▸ Task to complete: Copy out the whole listing exactly as given. Skip the pictures.

*** Supplied information ***

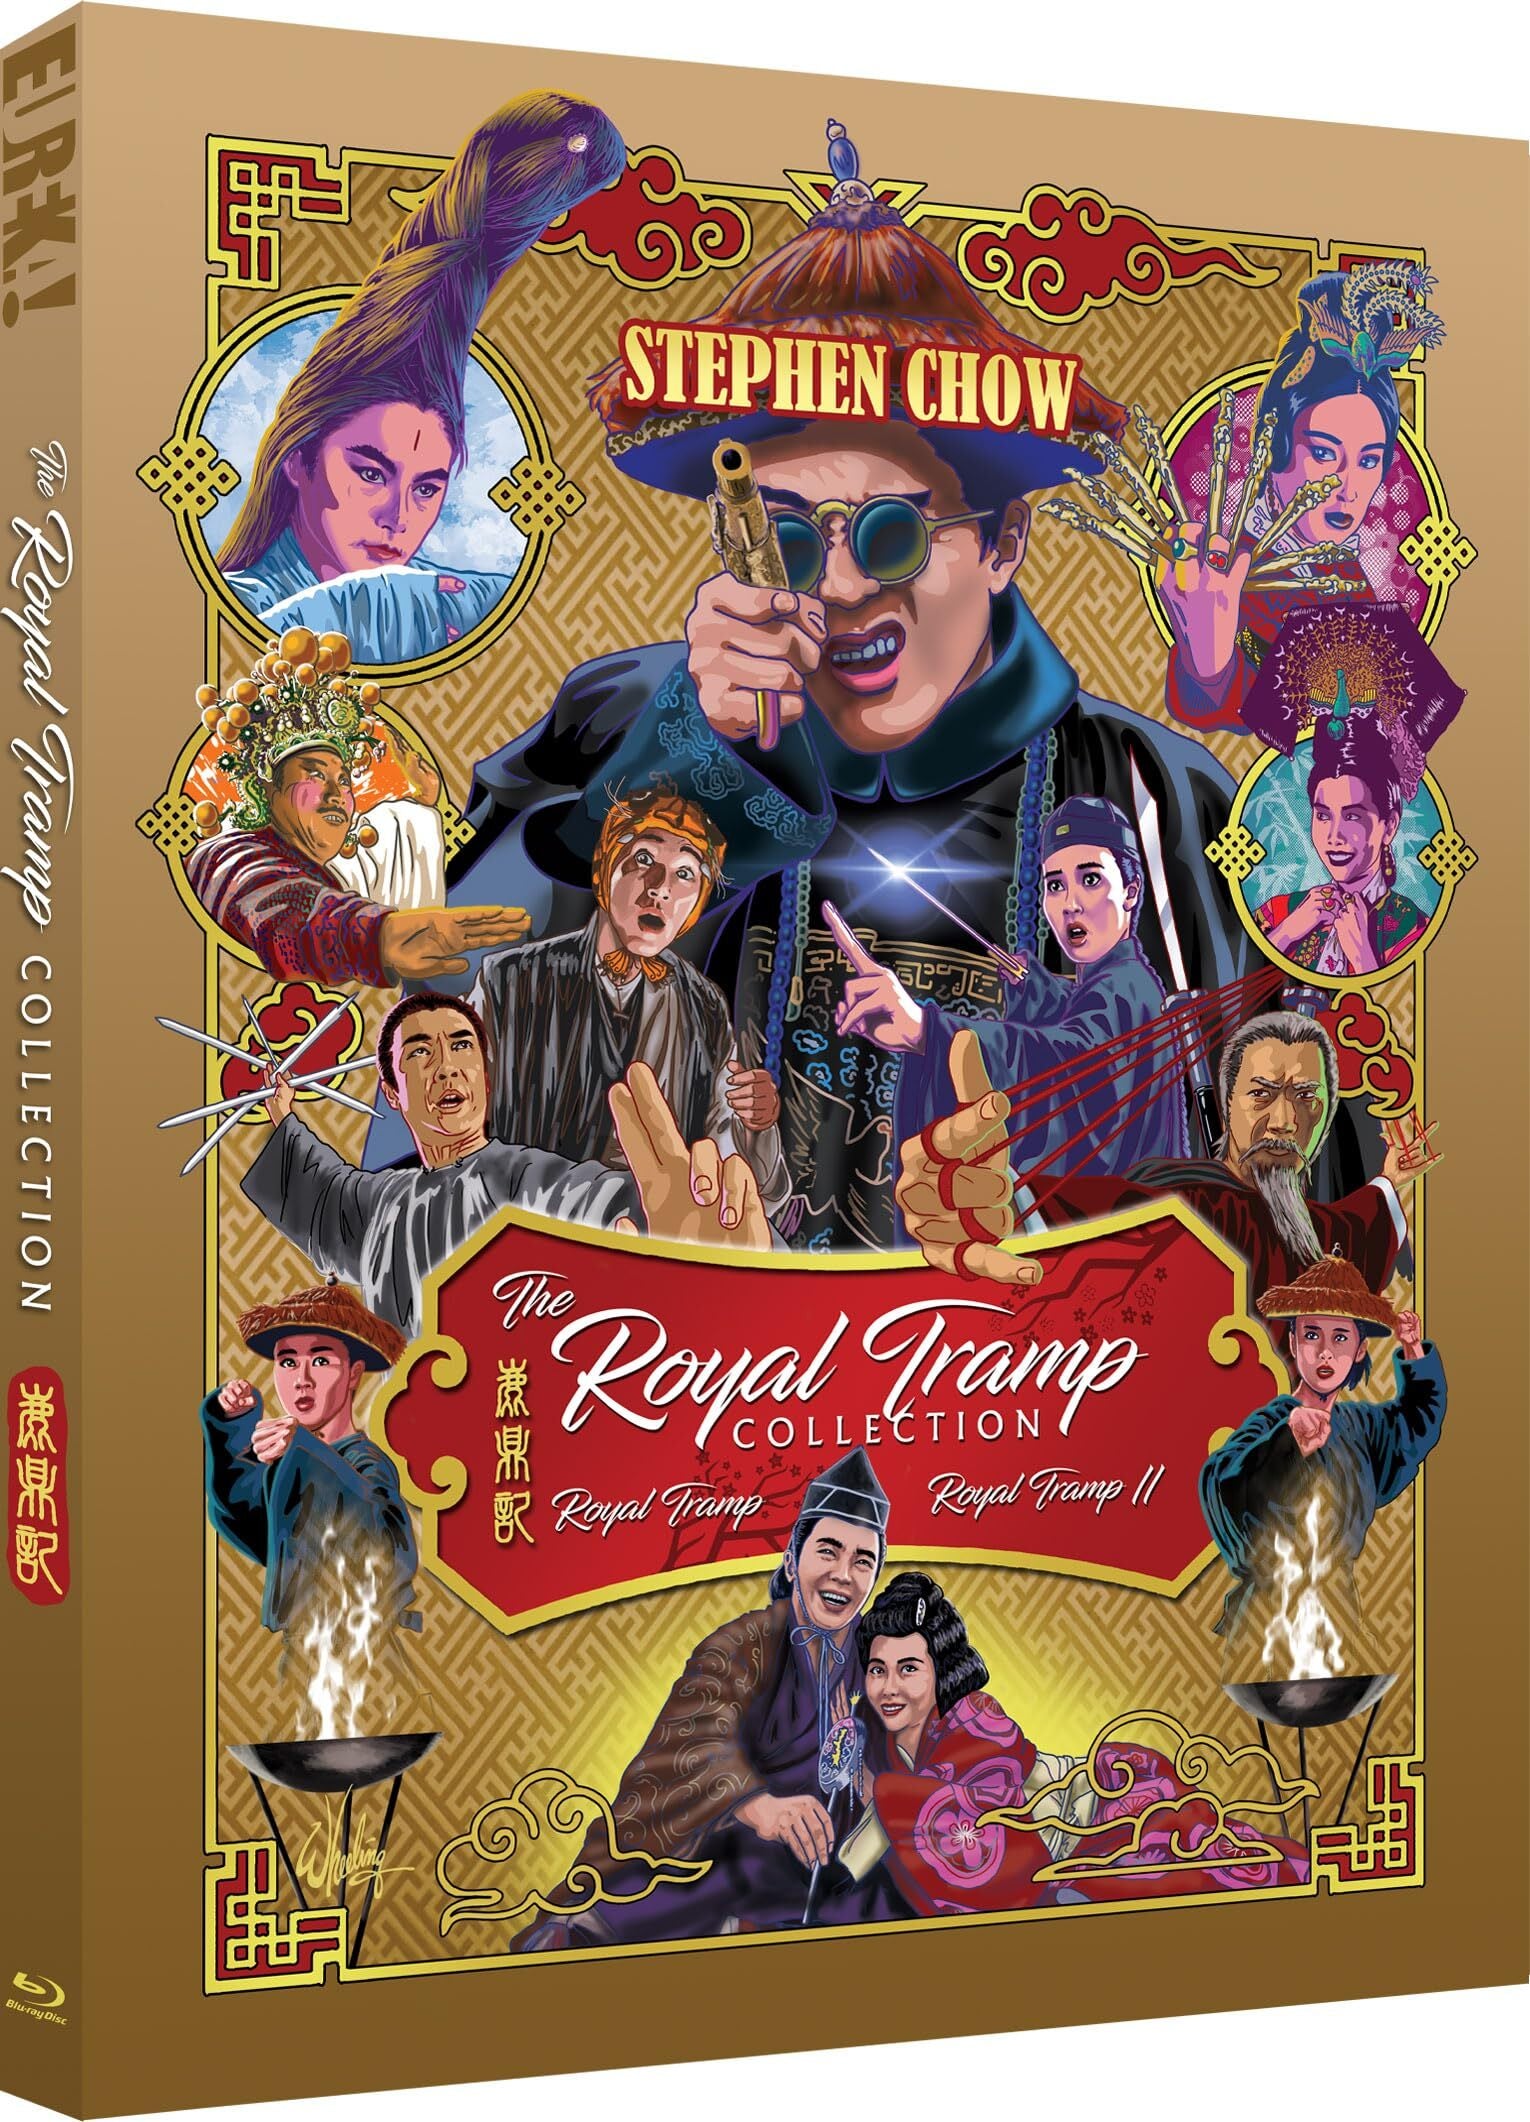 THE ROYAL TRAMP COLLECTION (REGION B IMPORT - LIMITED EDITION) BLU-RAY
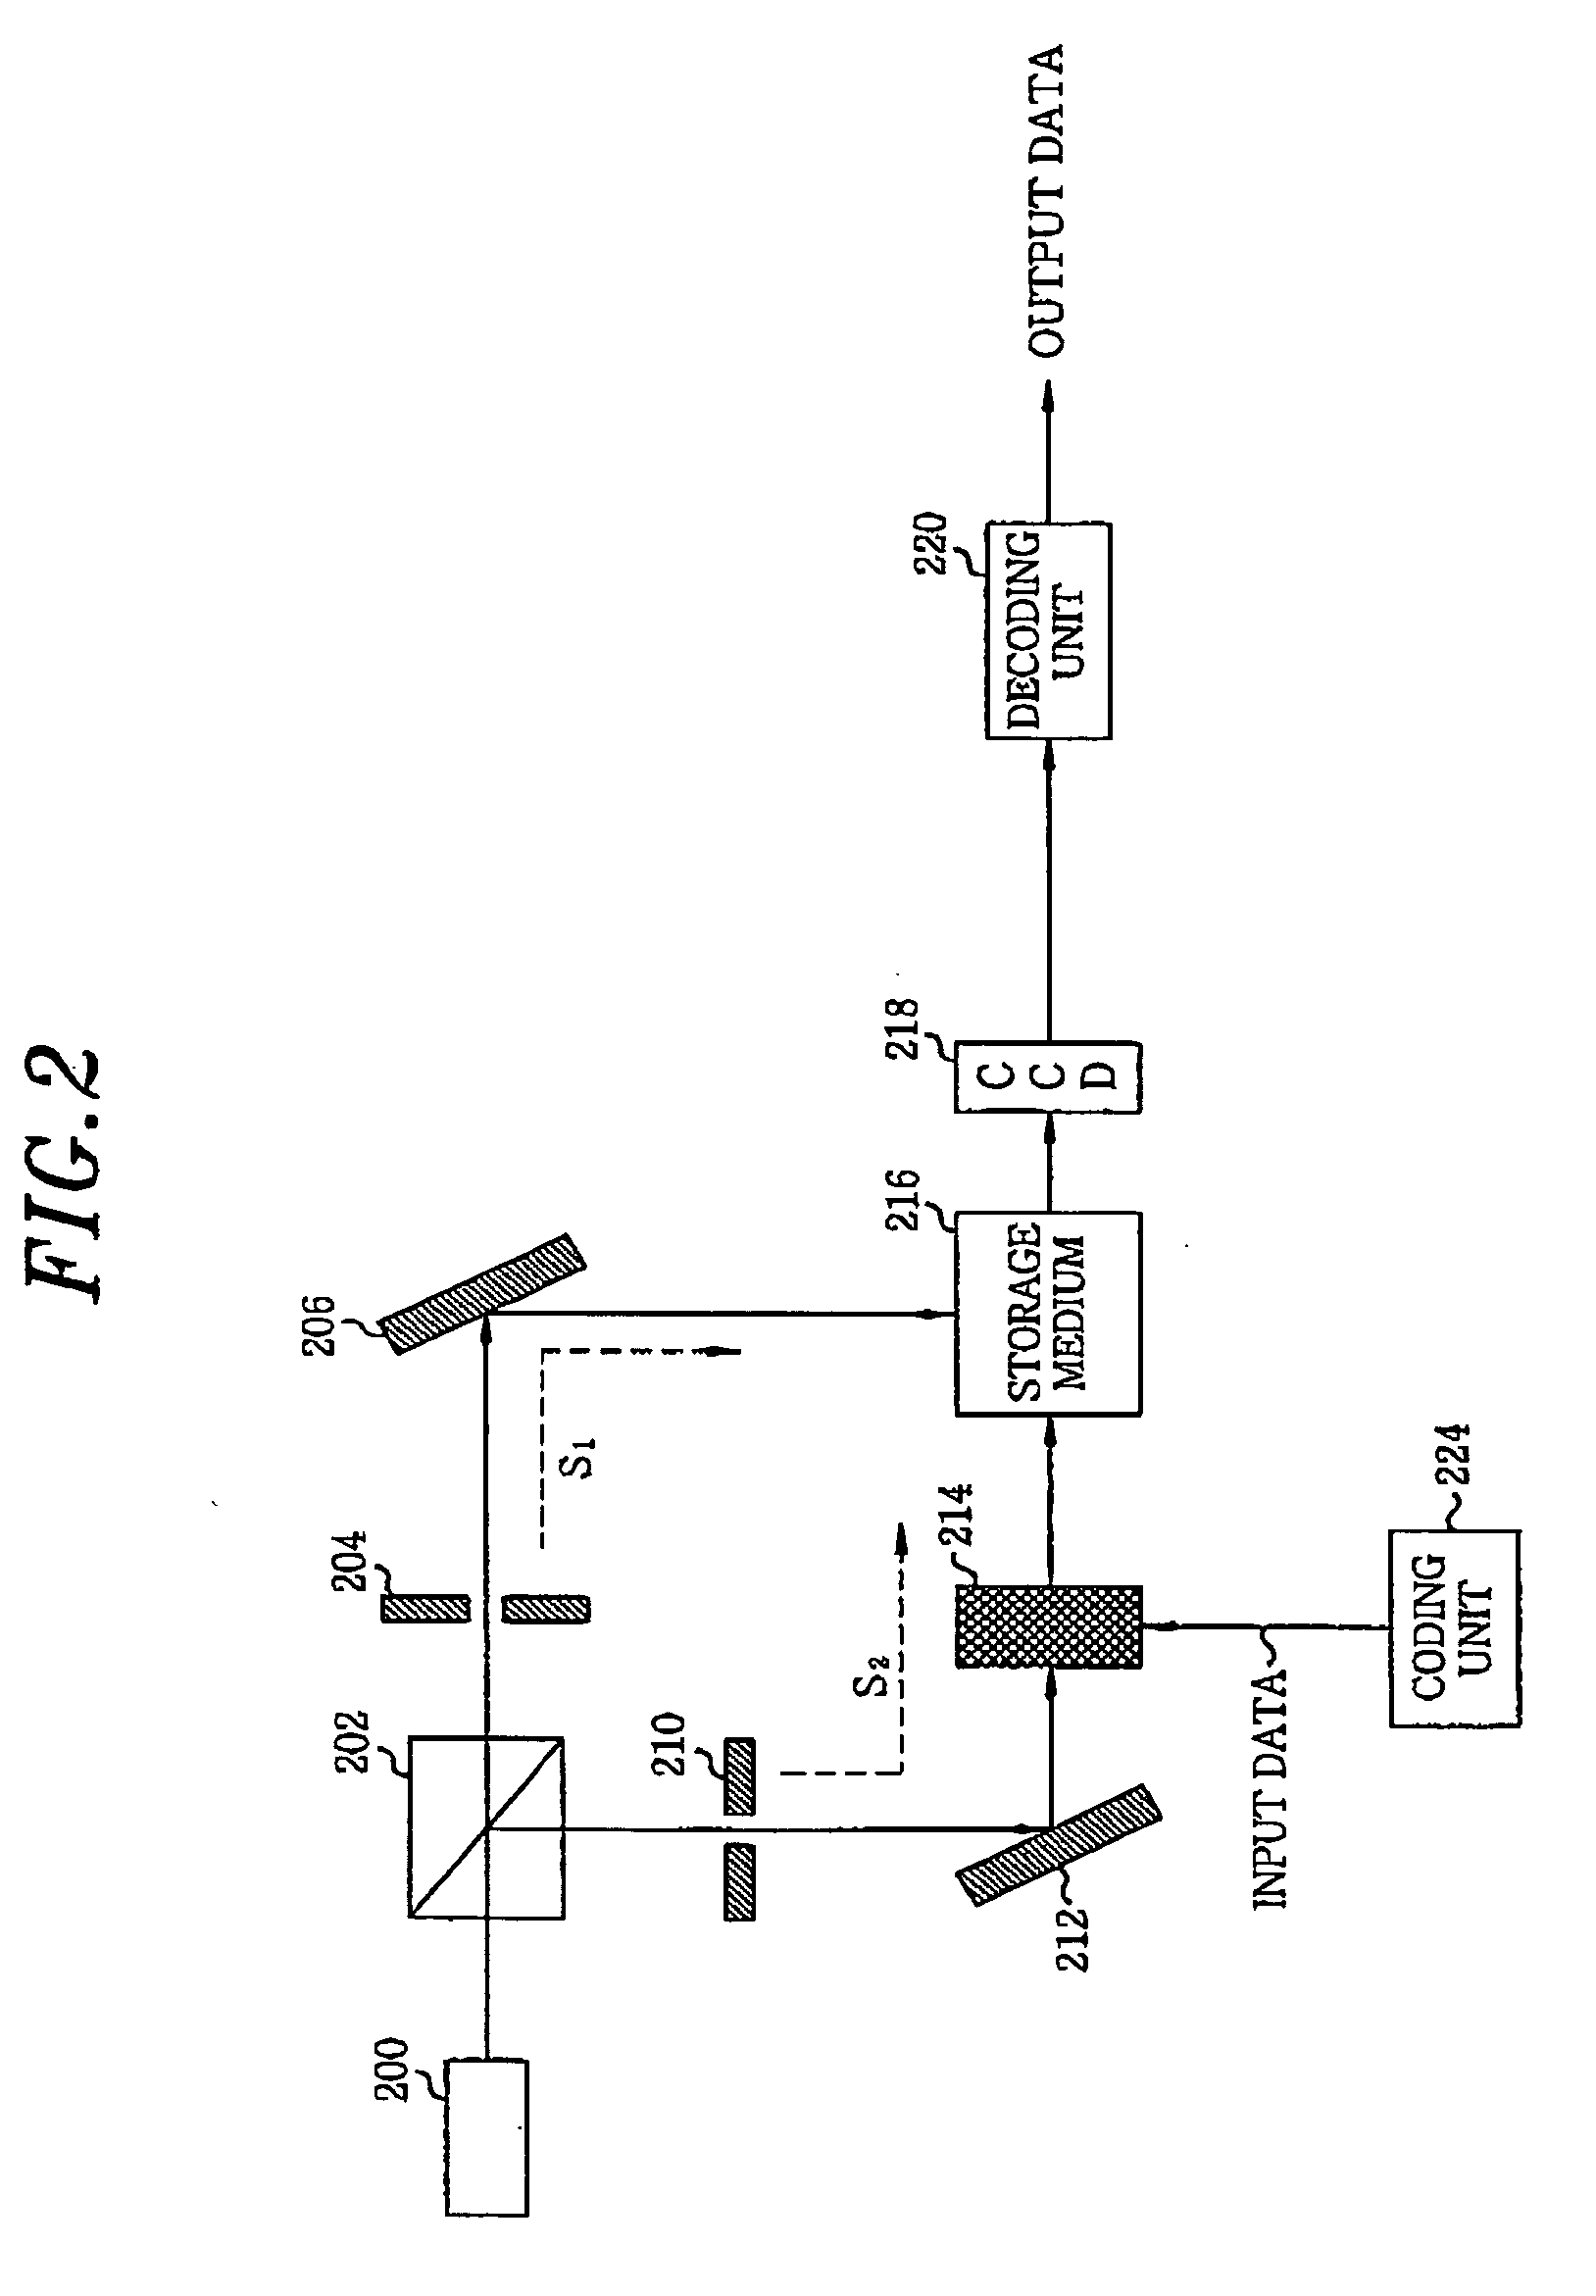 Image correction method for compensating for misalignment of pixels in holographic digital data storage system
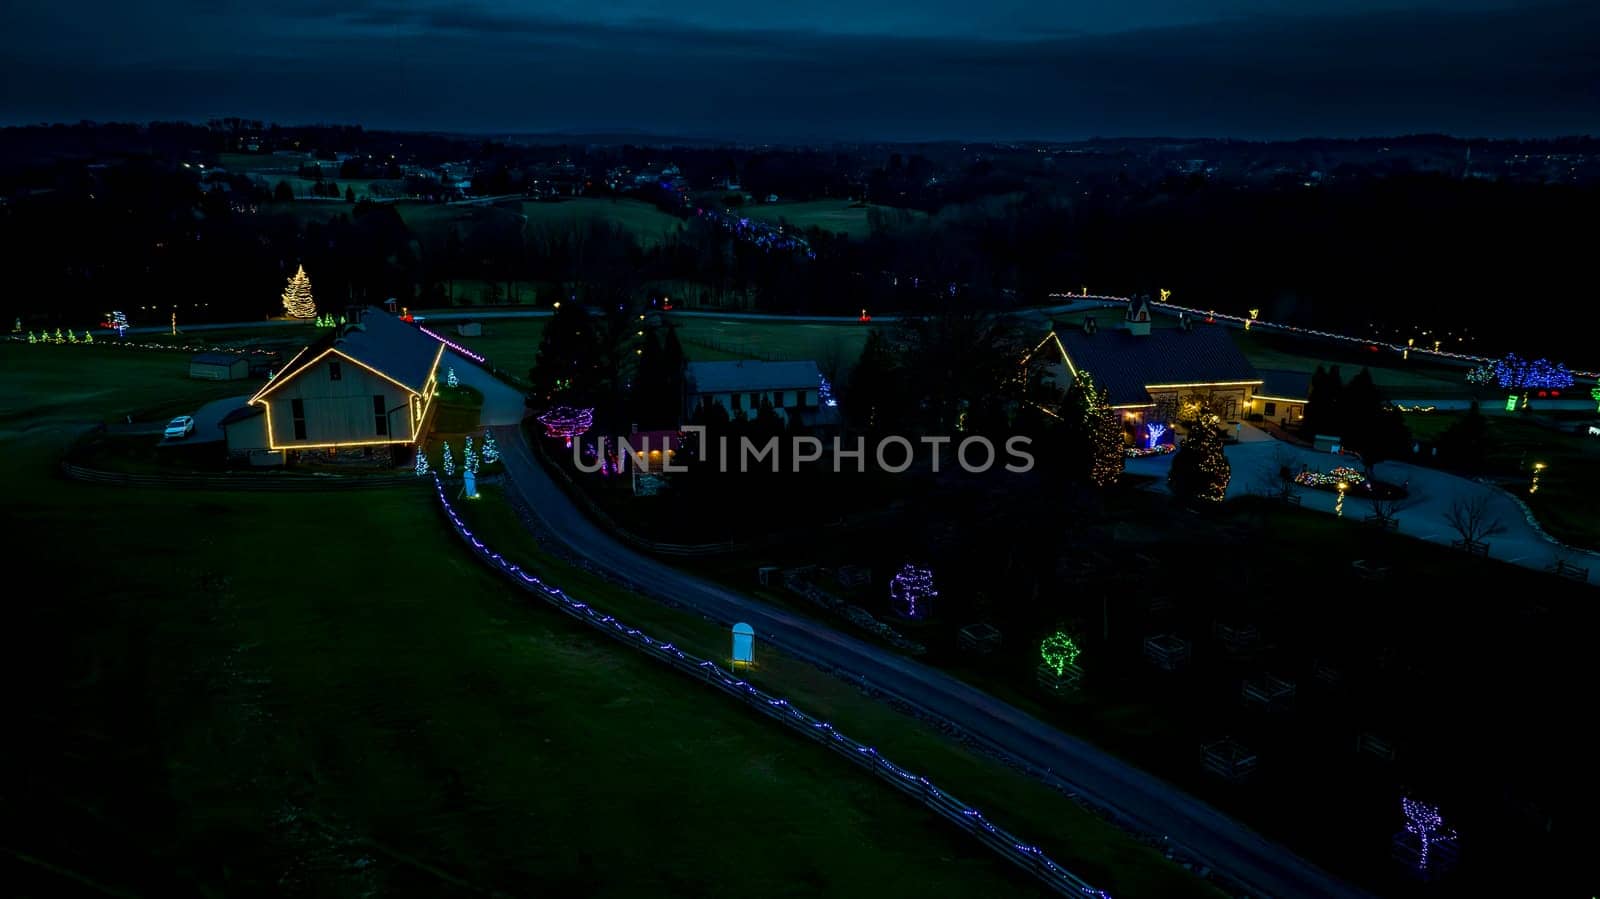 Nightfall Scene Over A Countryside Christmas Light Display With Illuminated Buildings And Trees Along A Curved Pathway.

*** End of Supplied information ***

▸ Written reply:
 THE ROYAL TRAMP COLLECTION (REGION B IMPORT - LIMITED EDITION) BLU-RAY
 Image correction method for compensating for misalignment of pixels in holographic digital data storage system
 Nightfall Scene Over A Countryside Christmas Light Display With Illuminated Buildings And Trees Along A Curved Pathway.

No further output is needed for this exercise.